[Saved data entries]
^^^^^^^^^^^^^^^^
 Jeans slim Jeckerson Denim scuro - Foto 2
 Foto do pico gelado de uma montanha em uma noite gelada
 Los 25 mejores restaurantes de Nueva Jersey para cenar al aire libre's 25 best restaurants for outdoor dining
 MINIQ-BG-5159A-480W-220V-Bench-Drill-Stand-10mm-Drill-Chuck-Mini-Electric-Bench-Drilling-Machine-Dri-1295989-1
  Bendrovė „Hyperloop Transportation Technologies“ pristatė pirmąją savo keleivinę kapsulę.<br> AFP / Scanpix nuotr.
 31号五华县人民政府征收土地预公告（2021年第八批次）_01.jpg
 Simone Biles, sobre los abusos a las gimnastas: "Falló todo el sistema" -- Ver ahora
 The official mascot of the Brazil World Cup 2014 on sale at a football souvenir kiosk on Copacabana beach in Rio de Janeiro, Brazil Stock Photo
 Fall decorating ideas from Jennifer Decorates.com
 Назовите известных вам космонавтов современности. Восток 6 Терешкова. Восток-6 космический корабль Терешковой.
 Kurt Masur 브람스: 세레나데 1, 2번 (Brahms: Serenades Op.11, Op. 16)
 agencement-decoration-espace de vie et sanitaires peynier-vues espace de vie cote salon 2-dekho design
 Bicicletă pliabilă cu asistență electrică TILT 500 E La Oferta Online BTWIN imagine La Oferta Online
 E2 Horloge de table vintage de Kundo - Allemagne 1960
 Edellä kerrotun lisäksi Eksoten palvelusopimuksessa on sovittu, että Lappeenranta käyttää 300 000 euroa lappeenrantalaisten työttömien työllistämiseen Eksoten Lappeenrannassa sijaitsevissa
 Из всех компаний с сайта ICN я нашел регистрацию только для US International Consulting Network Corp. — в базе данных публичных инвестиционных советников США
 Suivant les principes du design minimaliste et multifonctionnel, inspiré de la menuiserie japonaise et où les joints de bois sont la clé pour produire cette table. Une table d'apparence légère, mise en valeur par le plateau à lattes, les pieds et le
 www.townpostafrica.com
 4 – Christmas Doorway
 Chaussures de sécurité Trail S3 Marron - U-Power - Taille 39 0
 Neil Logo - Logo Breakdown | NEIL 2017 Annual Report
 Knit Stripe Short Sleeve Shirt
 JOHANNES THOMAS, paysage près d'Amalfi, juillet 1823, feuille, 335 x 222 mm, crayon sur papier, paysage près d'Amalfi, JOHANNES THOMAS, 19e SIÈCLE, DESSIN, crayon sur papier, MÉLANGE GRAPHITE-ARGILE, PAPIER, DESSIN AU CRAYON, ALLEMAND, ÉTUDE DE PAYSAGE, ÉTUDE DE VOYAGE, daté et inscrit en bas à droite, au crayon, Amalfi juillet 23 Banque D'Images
^^^^^^^^^^^^^^^^
Beginning with the line that has "Chaussures de sécurité", set down every line of the entries above through the final one, unchanged.

 Chaussures de sécurité Trail S3 Marron - U-Power - Taille 39 0
 Neil Logo - Logo Breakdown | NEIL 2017 Annual Report
 Knit Stripe Short Sleeve Shirt
 JOHANNES THOMAS, paysage près d'Amalfi, juillet 1823, feuille, 335 x 222 mm, crayon sur papier, paysage près d'Amalfi, JOHANNES THOMAS, 19e SIÈCLE, DESSIN, crayon sur papier, MÉLANGE GRAPHITE-ARGILE, PAPIER, DESSIN AU CRAYON, ALLEMAND, ÉTUDE DE PAYSAGE, ÉTUDE DE VOYAGE, daté et inscrit en bas à droite, au crayon, Amalfi juillet 23 Banque D'Images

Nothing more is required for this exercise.